Il Giorgini è ipovedente (se vi piace la parola, io la trovo un'ipocrisia se confrontata al ben più veritiero "cecato") ma a scriver le sue corbellerie ci vede benissimo; se consideriamo che non è la cecità fisica né alcun altro handicapp quello che definisce né l'uomo né la sua vita, capirà coma possa concepire l'aver pietà nei confronti di chi porta "handicapp" fisico: la pietà che sentiamo è verso di noi per compatimento riflesso (è una funzione psichica), creda, non verso l'altro, il che aiuta solo la nostra ipocrisia!
Se consideriamo minorato un uomo solo perché non vede o non cammina o quel che le pare, altro non facciamo che marcare il nostro giudizio già precostituito di diversità e le assicuro che è una compassione che a costoro non serve e che anzi li esclude ancor di più!
Ma restando all'ipovedente in questione, il suo stato fisico non giustifica il trattenere il gesto di "mandarcelo", a quel paese, quando quello che afferma è da uomo a uomo e non da ipovedente ad uno che qualcosa vede.
L'ipovedenza che ci rende handicappati è di ben altra natura ed augurerei a Giorgini di godersi la sua fisica, a scotto di non cadere in altri tipi di cecità prodromicamente ben più annichilenti!
Sempre che sia in tempo a farlo, però, considerando che il suo articolo è un guazzabuglio di luoghi comuni, inesattezze, opinioni personali tacciate per storeografia, scritte da chi non guarda per conservare l'immagine di quello che già gli è piaciuto sottendere.
Mi creda: sono un combattente e credo di aver la sufficiente esperienza per sapere distinguere con chi mi imbatto. Ringraziando Dio siamo in molti e qualcuno gira anche su questi forum, che cerchiamo di contrapporre qualcosa di diverso alla comune mentalità, piaccia o non piaccia.
La laicità esige quel rapporto e quel confronto che negandolo annichilisce solo sé stessi e il proprio intento di voler esser liberale manifestando la falsità ideologica del proprio fare e dire.

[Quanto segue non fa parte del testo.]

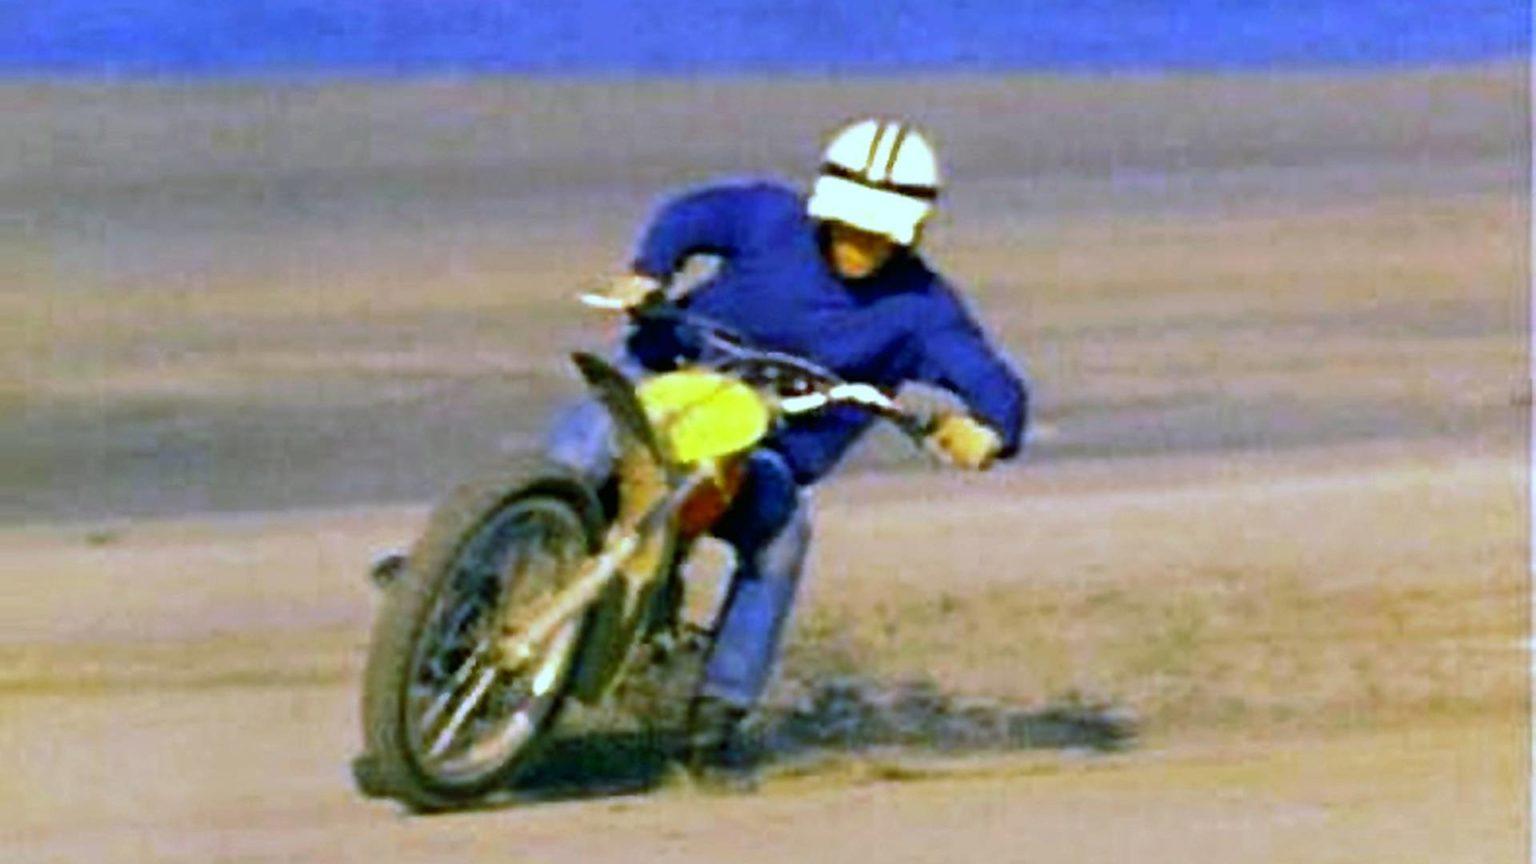 [Imagem: on-any-sunday-1971-moto-movie-review-8-1536x864.jpg]

Possono anche inibirci l'accesso al server o non pubblicare un'intervento o fare altro che a qualcuno piaccia, tanto il nostro lavoro non si svolge qui; qui facciamo solo dialettica che serve solo a confrontarsi come io sto facendo con lei. Non è in ballo la vittoria né di un pensiero di destra, né di sinistra ma l'affermazione della ragionevolezza dell'uomo, che nemmeno gli intenti più liberali son stati capaci di valorizzare e realizzare nonostante l'opportunità datagli dalla storia, a causa della troppa fiducia nella propria capacità di saper gestire la libertà, non considerando poi di non esser in grado di saper resistere nemmeno al proprio impulso di voracità di potere!

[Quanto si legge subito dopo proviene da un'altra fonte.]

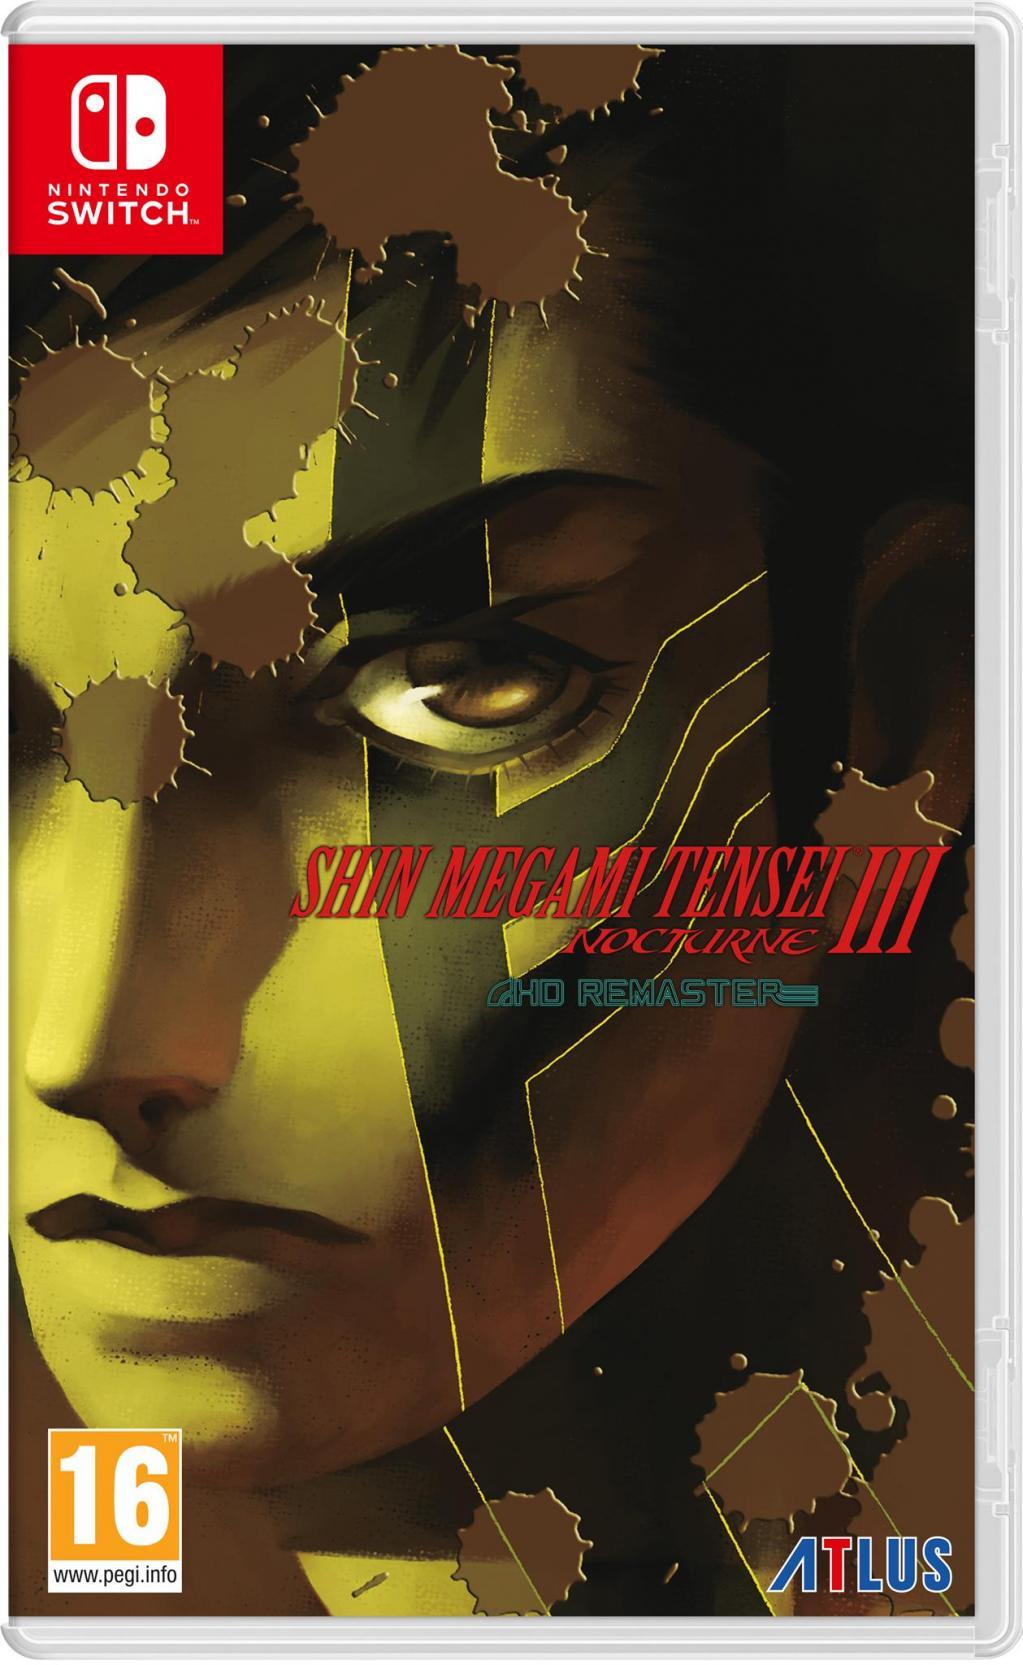 Shin Megami Tensei 3 Nocturne HD Remaster / JPN UK (voice) - E F I G S_1

Ma credo di voler fermarmi, comunque, solo alla sua considerazione riguardo il mio gesto di cattivo gusto voluto, nei confronti di colui che l'ha mossa a compassione.
Mi potrebbe criticare se gli avessi voluto fare lo schiaffo del soldato: quella sì, sarebbe stata una vigliaccata!
Ma il Giorgini, dia retta - uno che ha il coraggio di scrivere con tale convinzione delle amenità paurose (perché di tutto si può discutere a ragion veduta, glielo dico da "tecnico") - pur "ipovedente" (ma le piace proprio questa definizione?) è uno che sa proteggersi benissimo da solo!
Saluti cari, Marco.
Napoli
07 ottobre 2006 00:00
Togliamo pure la bandiera e i comunisti.
626
12 ottobre 2006 00:00
Secondo il mio parere l'unica cosa di cui accertarsi è che il chiodo sia ben posizionato e fissato al muro.
La sicurezza prima di tutto.
ZaZaan!
12 ottobre 2006 00:00
Ma davvero c'è tutta questa rivoluzione attorno al problema dei crocefissi?
A prescindere il dottor Martella di cui abbiamo già detto e qualche esagitato satanista terrorizzato da simboli e scaramanzie, mi pare che del "problema" non gliene freghi a nessuno!
Infatti, la gente normale, ha ben altro da fare!
Napoli
12 ottobre 2006 00:00
Perchè non mettiamo i seguaci di SATANA sul muro delle scuole.
Camerata
14 ottobre 2006 00:00
Giusto!!!
Togliamo i crocefissi dalle scuole e mettiamoli sulle tombe di chi non li vuole.